Does that mean that if they were to allow media to take photos of Westgate,
that international media would be given preference? Does that mean that
international media is more important than local media?
I will tell you the truth
about Westgate. The mall is practically empty. A good number of shops have not
yet been opened.
At lunchtime, the popular
ArtCaffe has only about four customers nursing a single milkshake each and the
vendors who sell curios make very little in a day. The parking is literally
empty and Nakumatt tellers are not busy.
Westgate needs all the
support it can garner from Kenyans, only the management is too blind to see
that.
The Westgate Management Office
and especially its PR arm is a perfect example of how NOT to revive a mall.

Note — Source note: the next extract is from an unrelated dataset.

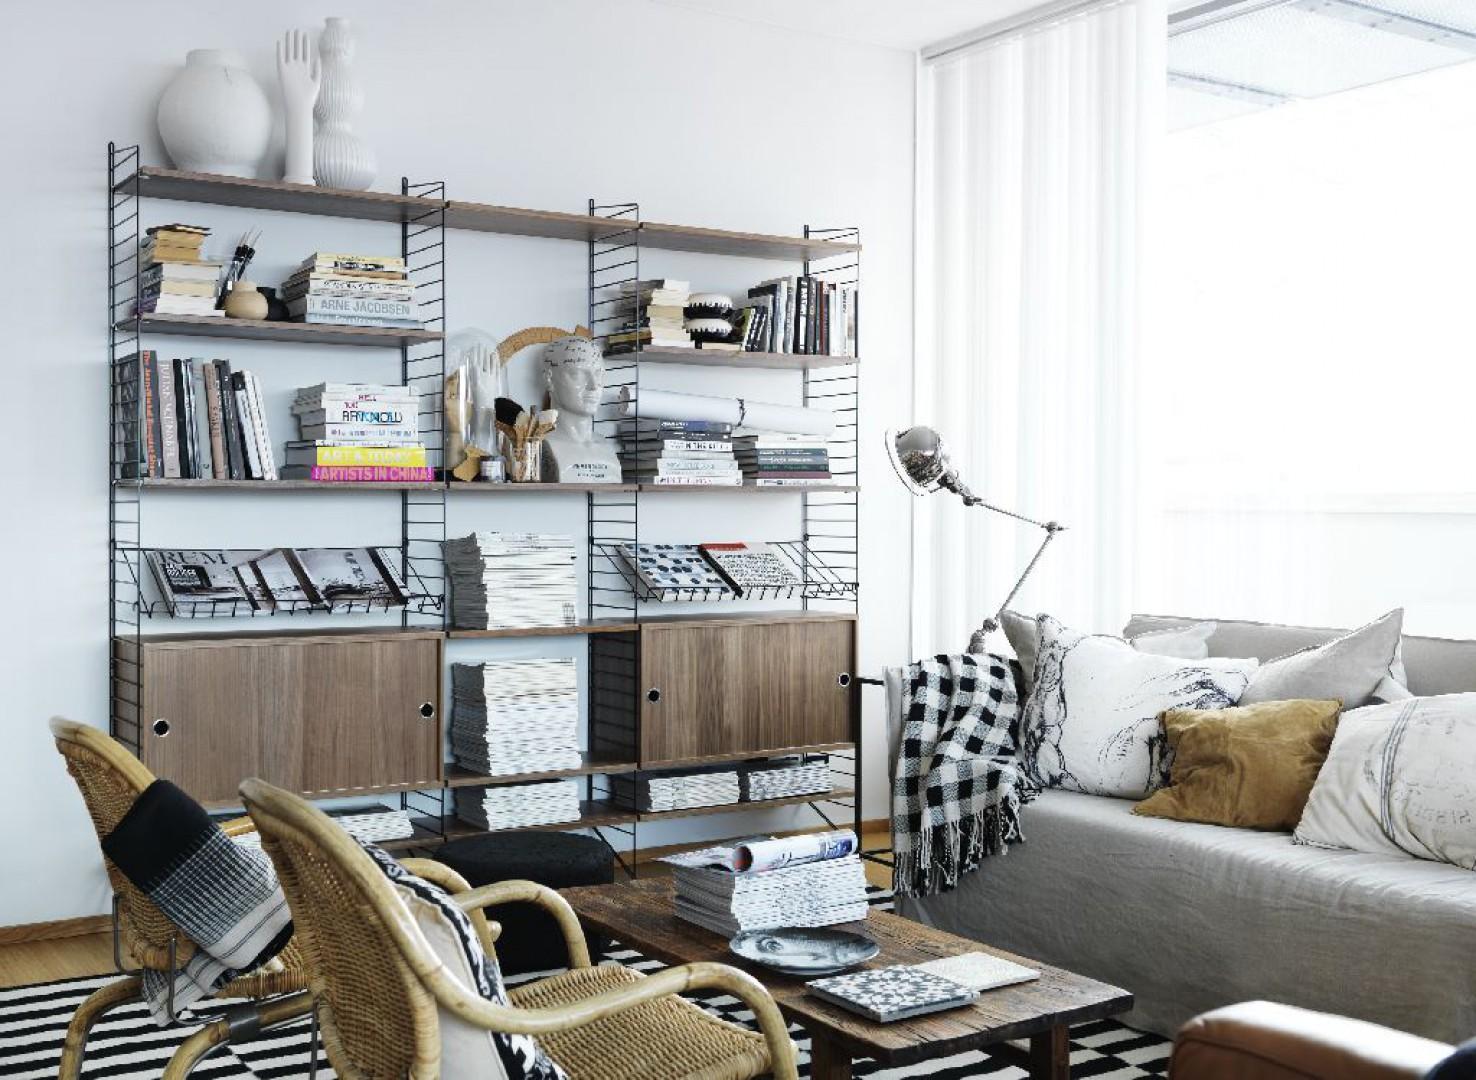 Regał z metalowych prętów to modny skandynawski element wyposażenia wnętrza można na nim przechowywać książki lub dekoracje. Fot. String

If you are a local journalist
hoping to play your part as a Kenyan to do a positive story about Westgate,
forget it, unless you want to be treated like a terrorist. Or wait until CNN
comes and does another ‘hotbed’ story.
Finally, dear PRO, you are a
public relations officer!
VICTORY AGAINST
TERRORISTS
The buzzword is public. You
deal with people; from journalists to irate shoppers.
Refusing to see us and
leaving us in the hands of a receptionist who can barely speak English, is
nowhere near what is expected in the world of PR.
PR is not about balloons and
high heels; it is about getting your brand out there, in the shiniest,
strongest form there can ever be.
We deleted our pictures and
you threatened to sue us in case we used any photos of Westgate, including the
file photos in our system that were taken the day President Uhuru Kenyatta
re-opened the mall.
Please, darling, get a crash
course in media law.
Also, did you know that there
is a special software you can use to retrieve deleted photos from a memory
card?
I just want the Westgate
management and specifically its PR department to clean up their act and market
that beautiful mall as a monument of Kenya’s victory against terrorists.
You are sitting on a goldmine
and you don’t even know it.
You can make Westgate the next Maasai Mara by showing the
world that you have risen above the terrorists and that you remain unbowed.
International media like such stories, for your information.